Agency completes first Osart mission at BN-800 fast neutron reactorThe IAEA team reviewed operational safety at Beloyarsk-4 BN-800 fast neutron reactor. Courtesy Rosatom.
The operator of the Beloyarsk nuclear power station in Russia has shown a commitment to operational safety, but further improvements are needed in areas including accident management and safety assessments, an International Atomic Energy Agency team said.
The operational safety review team (Osart) mission ran from 6 to 23 November. The team reviewed operational safety at Beloyarsk-4, a BN-800 fast neutron reactor with design capacity of 820 MW and gross electrical capacity of 885 MW.
The team reviewed operating practices at Unit 4 in leadership and management for safety, training and qualification, operations, maintenance, technical support, radiation protection, chemistry and accident management.
The team said plant operator Beloyarsk NPP, a subsidiary of state nuclear operator Rosenergoatom, should consider enhancing its accident management programme to include the full range of “beyond design” external hazards for all modes and states of operation and all fuel locations on site.
It should consider extending the scope of its probabilistic safety assessments to ensure that all potential failure scenarios are identified.
Beloyarsk NPP should also consider improving the effectiveness of the checks carried out during field operator walkdowns, so all deficiencies and adverse conditions are identified.
The Beloyarsk nuclear station, owned by state nuclear corporation Rosatom, is at Zarechny, near Yekaterinburg in central Russia. The station consists of four units. Units 1 and 2 – both light water graphite reactors – are permanently shut down. Unit 3 is a BN-600 fast neutron reactor with net design capacity of 560 MW and gross electrical capacity of 600 MW.
The IAEA said Russia has 37 nuclear power reactors in operation, providing almost 20% of the country’s total electrical production. It has three plants under construction, the Generation IV Brest-OD-300 lead-cooled fast reactor, Kursk 2-1 and Kursk 2-2.
“It is the first time an IAEA Osart mission was held at the power unit of a BN-800 fast neutron reactor,” said Ivan Sidorov, director of Beloyarsk NPP.
“For three weeks, the reviewers and the counterparts have worked hard, performing dozens of plant tours, interviews and observations, and analysing plant documentation for all reviewing areas.
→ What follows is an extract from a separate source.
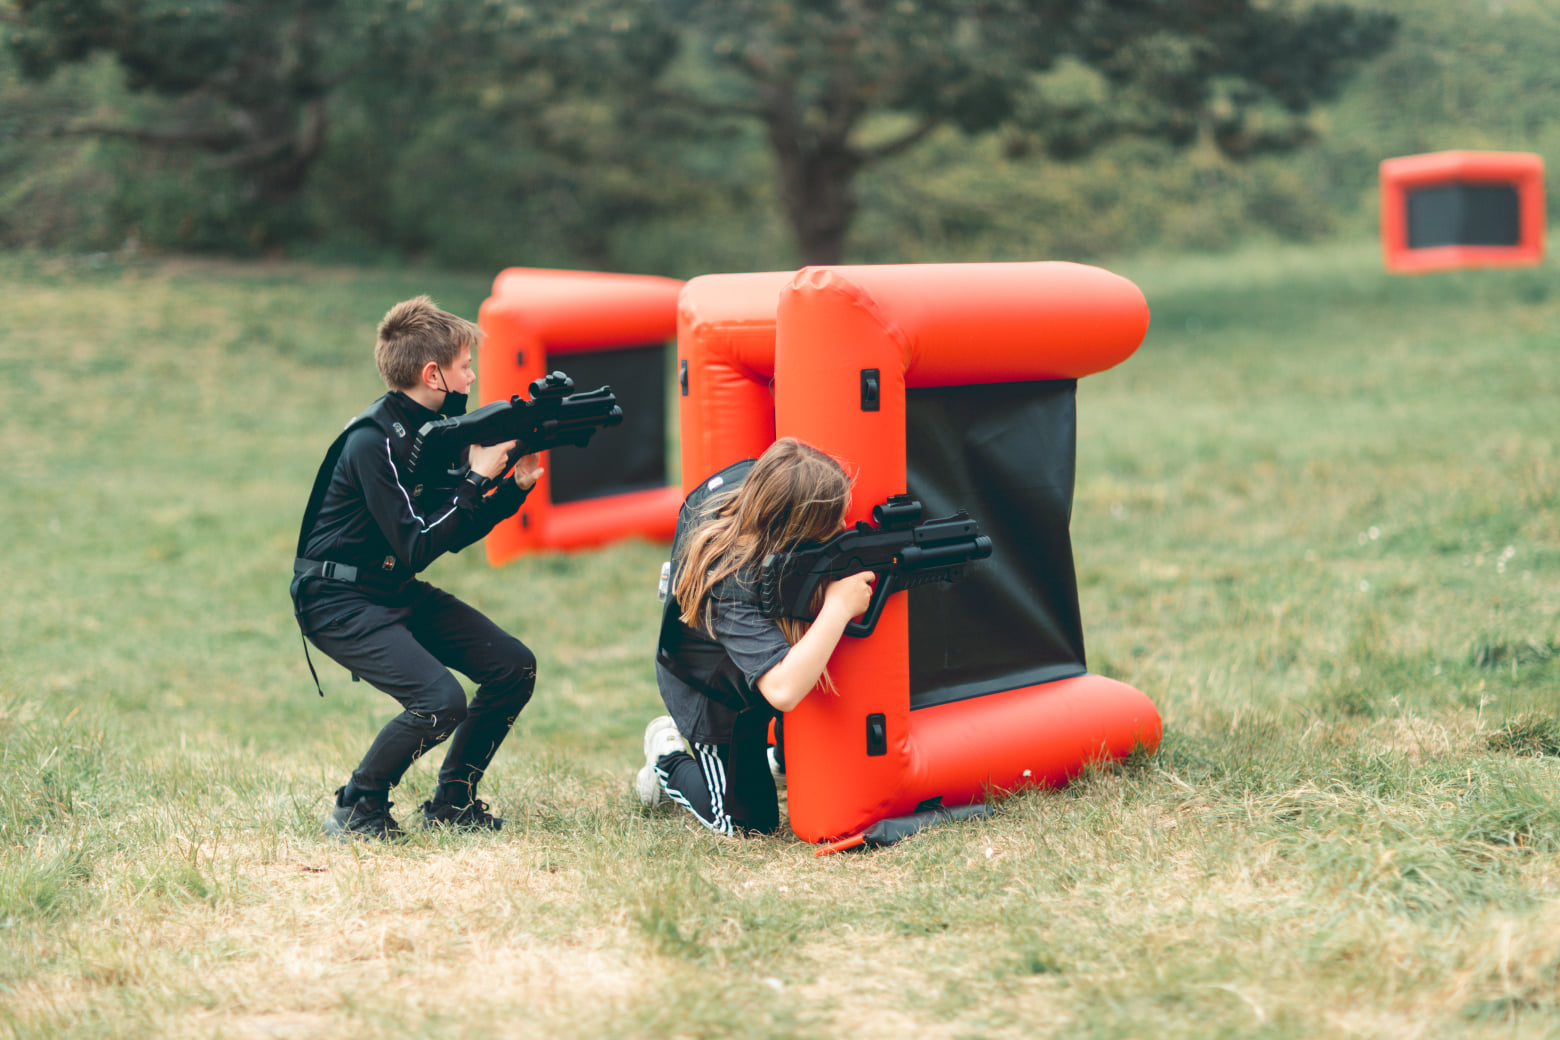 Laser tag: Ukrainian high-tech solutions that unite people in teams around the world
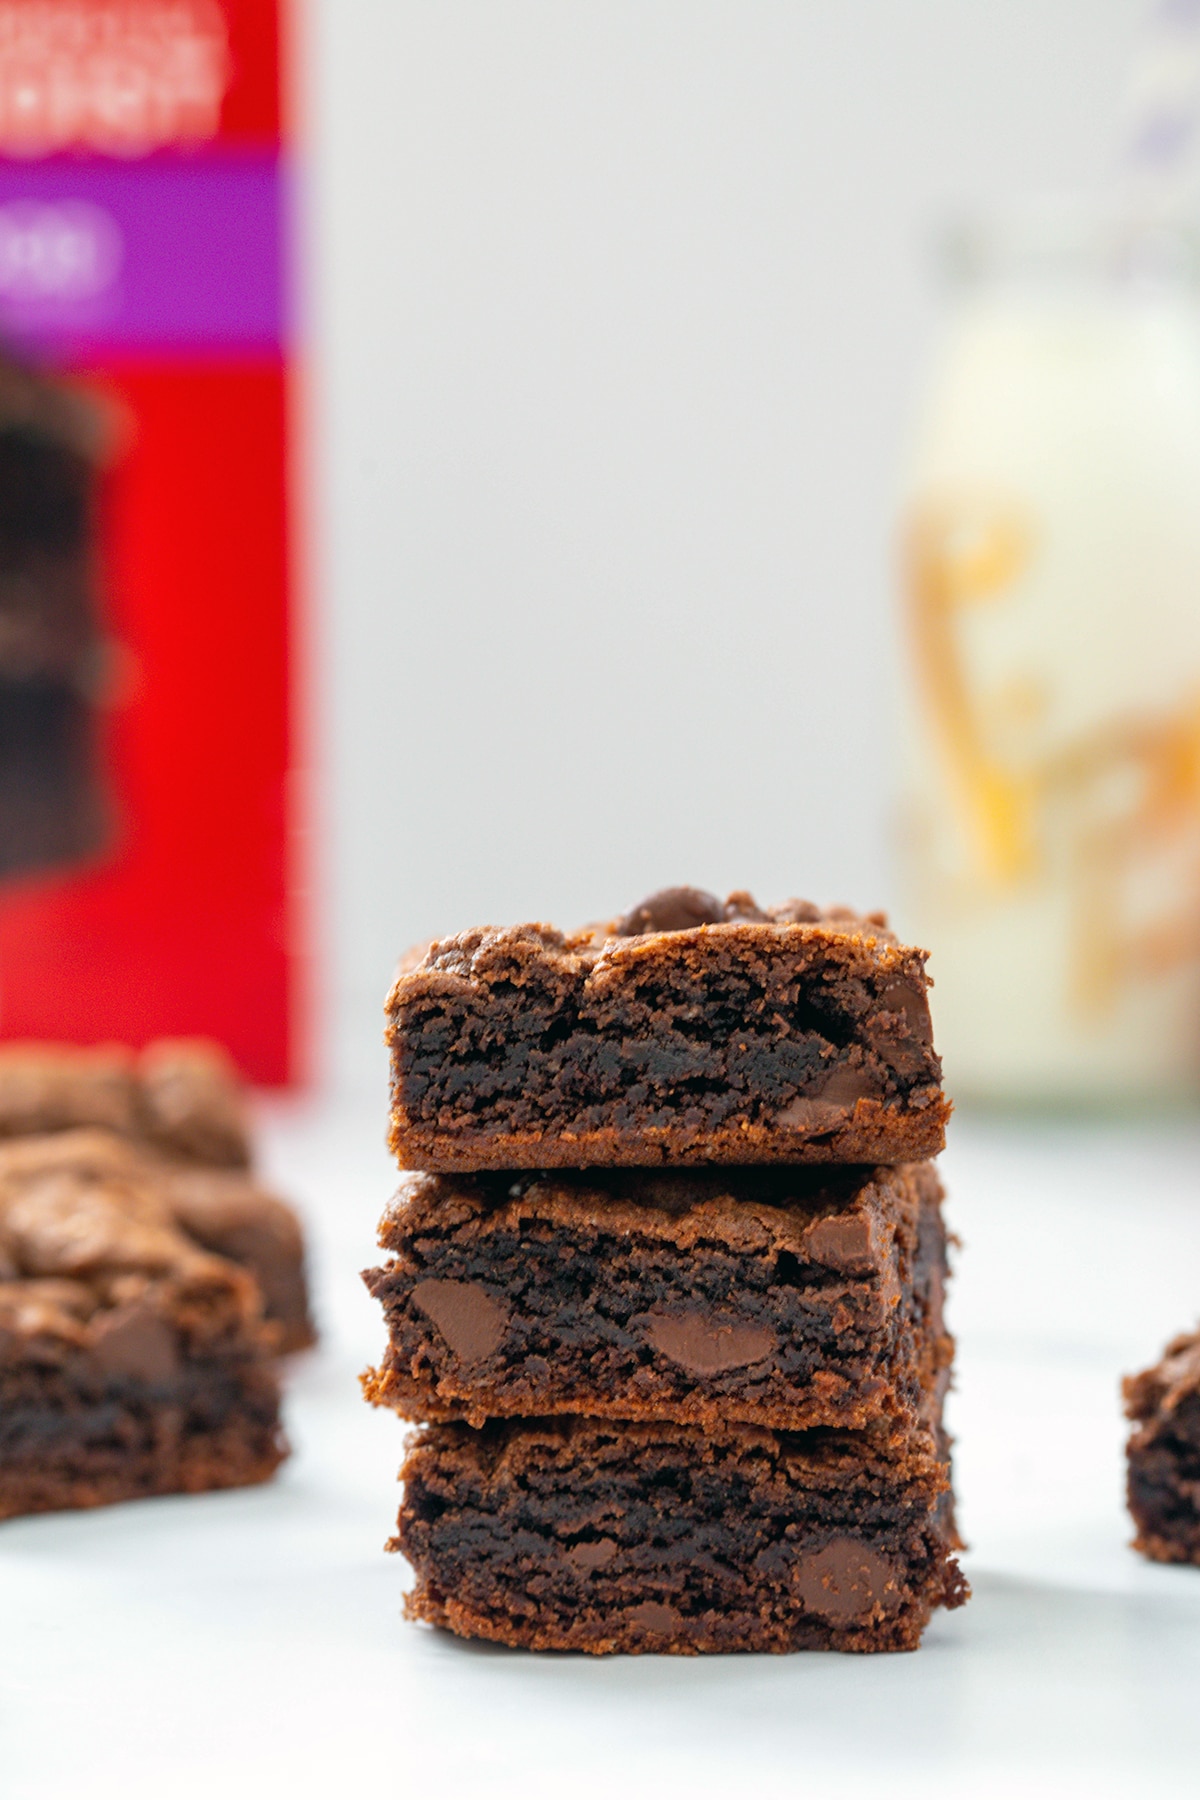 Head-on stack of cake mix brownies with cake mix box and glass of milk in background.

“We appreciate the reviewers’ professional point of view, and we are ready to learn from their experience to improve safety at Beloyarsk NPP.”Background: BN-800 Running On MOX
In September 2022, Russia said Beloyarsk-4 had been fully loaded for the first time with commercial mixed oxide uranium-plutonium (MOX) fuel.
State nuclear fuel company Tvel said full conversion of the BN-800 to MOX fuel was a long-anticipated milestone for the nuclear industry.
The BN-800 was developed to run on MOX and Rosatom built a unique MOX fuel fabrication facility as part of its plans to close the nuclear fuel cycle.
The MOX fuel used at the BN-800 was made of a mixture of depleted uranium oxides accumulated from state enterprises and from plutonium oxides separated during the reprocessing of spent nuclear fuel. MOX fuel can also use weapons-grade plutonium from military sources.
Recycling fissile material in this way is known as closing the nuclear fuel cycle. The overall toxicity, fissile content and volume of the waste produced is reduced while the fissionable residuals are recycled for energy production.
MOX fuel is not produced in the US, but several European countries have been producing it for more than 20 years. Their supply of plutonium is from spent nuclear fuel rather than nuclear weapons.
The core of the Beloyarsk-4 BN-800 fast neutron reactor being loaded for the first time with commercial MOX fuel. Courtesy Tvel.